EXERCISE AIM
Using the records below, copy exactly the part that opens with the line holding "Gatto grigio britannico" and closes with the line holding "Eine alte frühe", minus the pictures.

THE INPUT
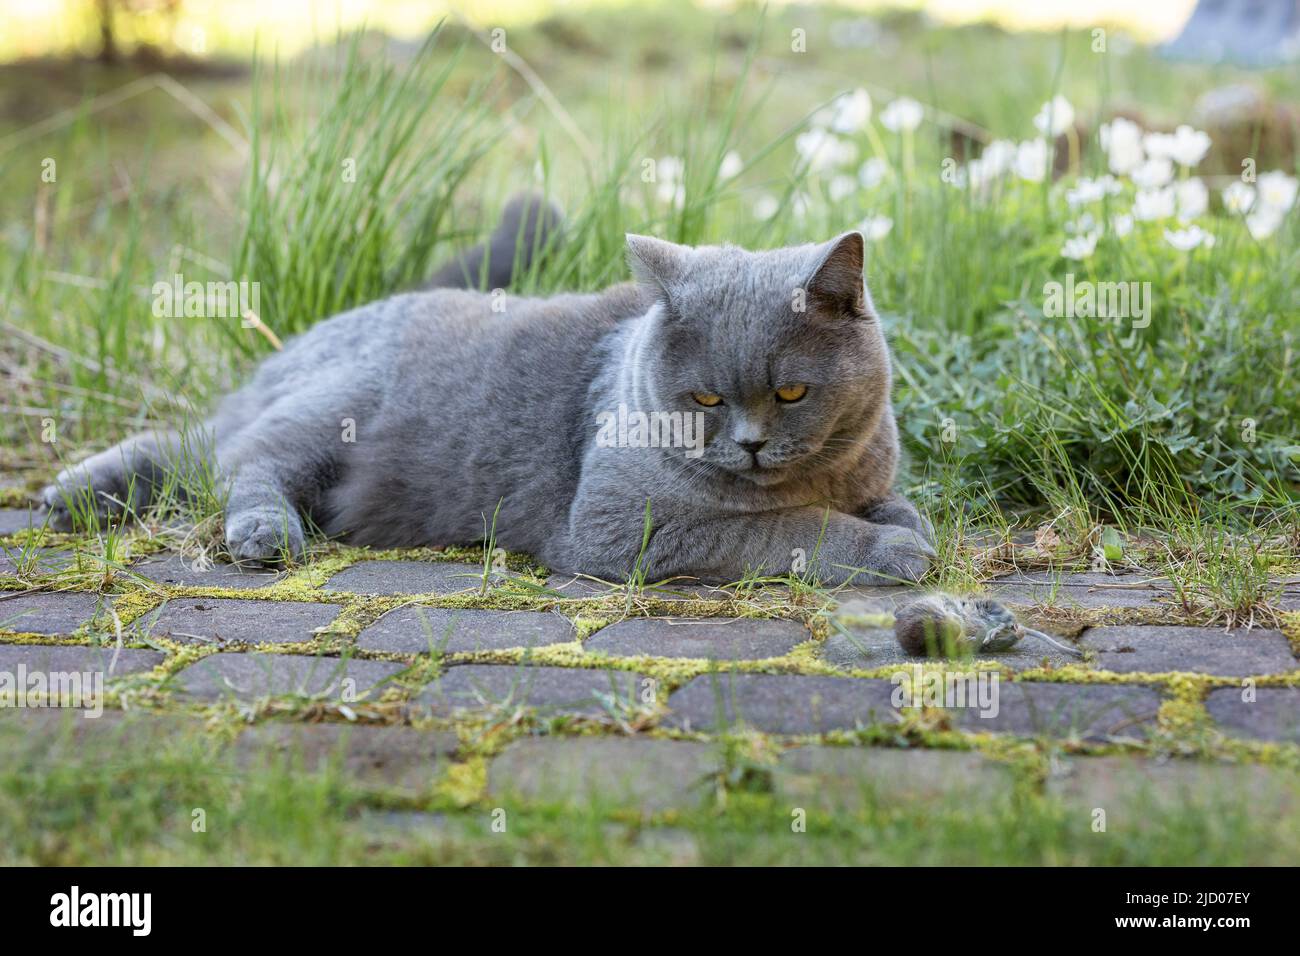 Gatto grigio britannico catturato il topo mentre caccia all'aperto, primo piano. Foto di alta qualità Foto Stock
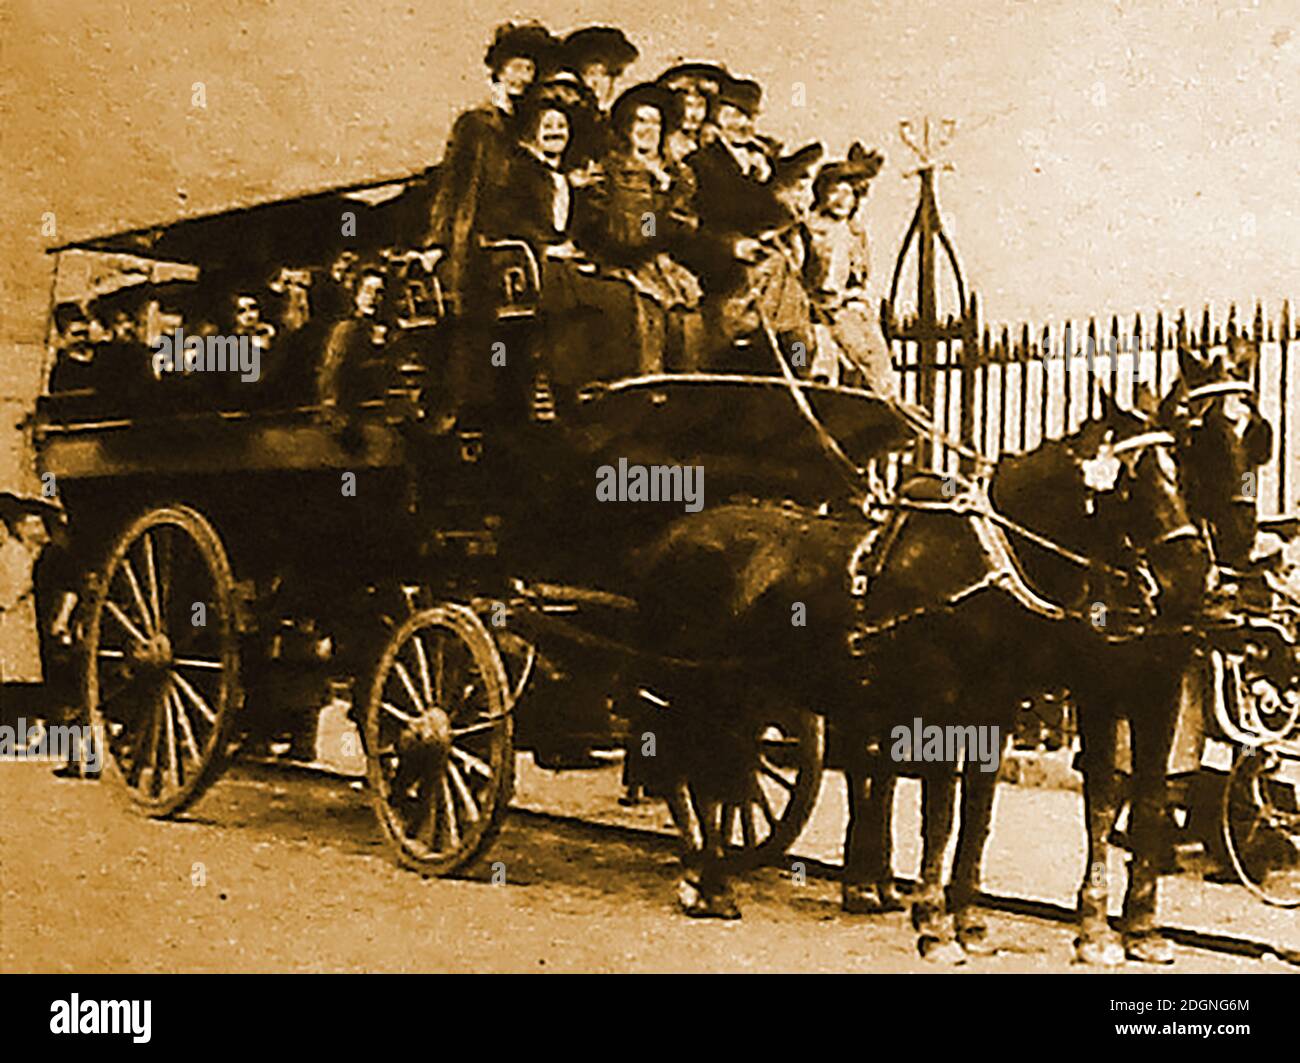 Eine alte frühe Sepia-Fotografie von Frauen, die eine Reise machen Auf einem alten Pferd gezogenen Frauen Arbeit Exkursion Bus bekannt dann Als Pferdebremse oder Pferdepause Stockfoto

---

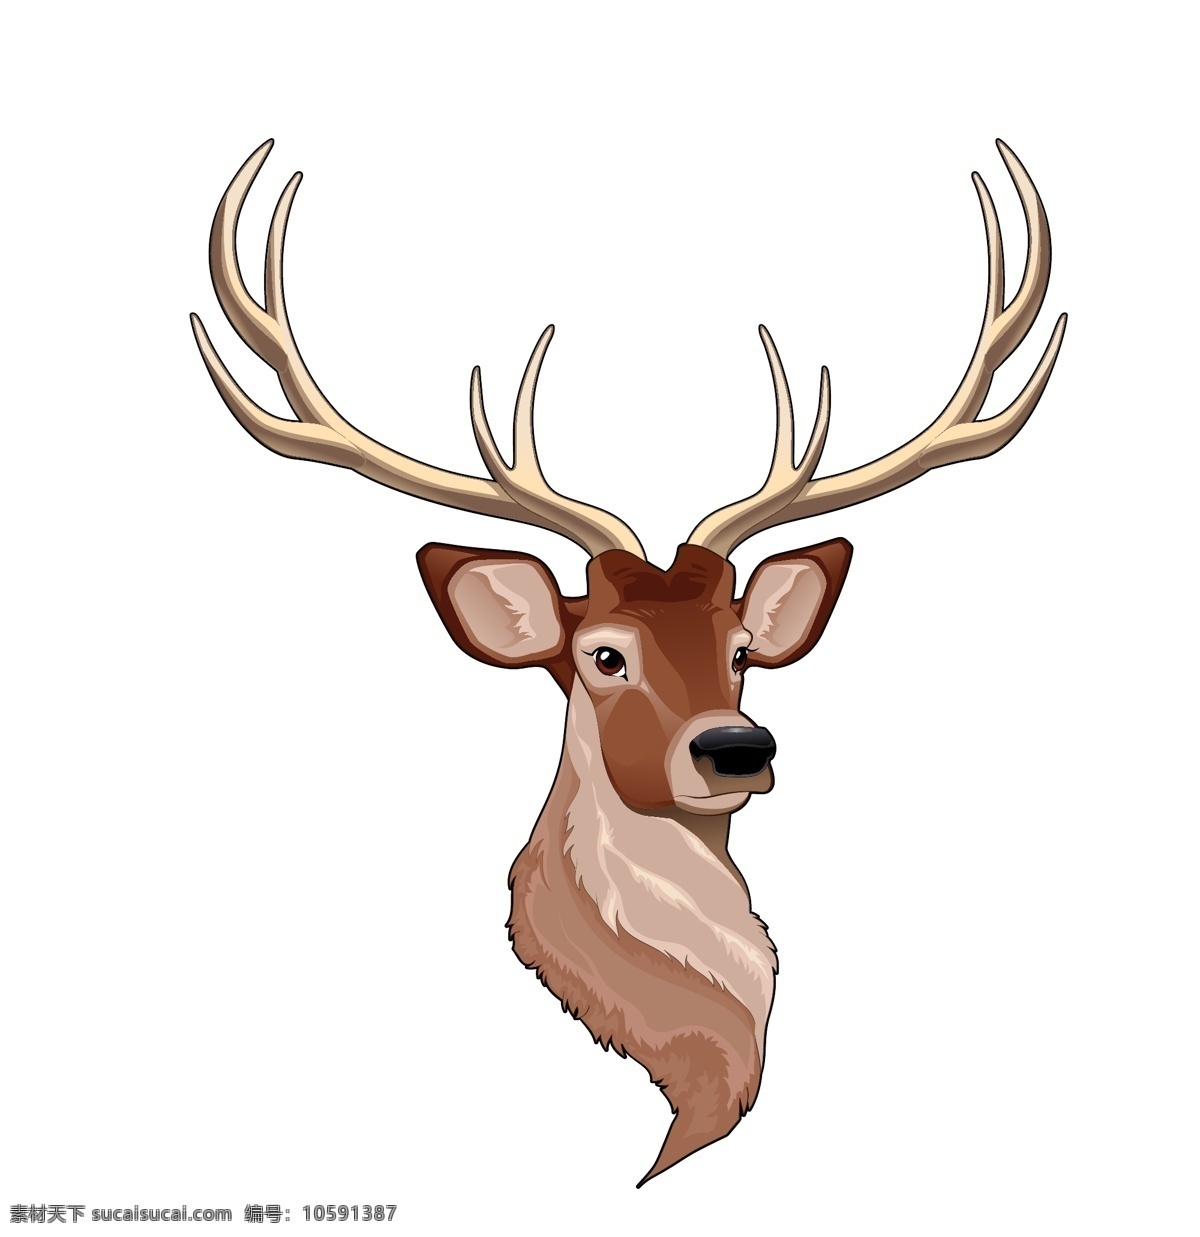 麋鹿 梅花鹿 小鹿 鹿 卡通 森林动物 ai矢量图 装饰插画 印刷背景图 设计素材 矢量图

SOLUTION TO THIS PROBLEM
 Gatto grigio britannico catturato il topo mentre caccia all'aperto, primo piano. Foto di alta qualità Foto Stock
 Eine alte frühe Sepia-Fotografie von Frauen, die eine Reise machen Auf einem alten Pferd gezogenen Frauen Arbeit Exkursion Bus bekannt dann Als Pferdebremse oder Pferdepause Stockfoto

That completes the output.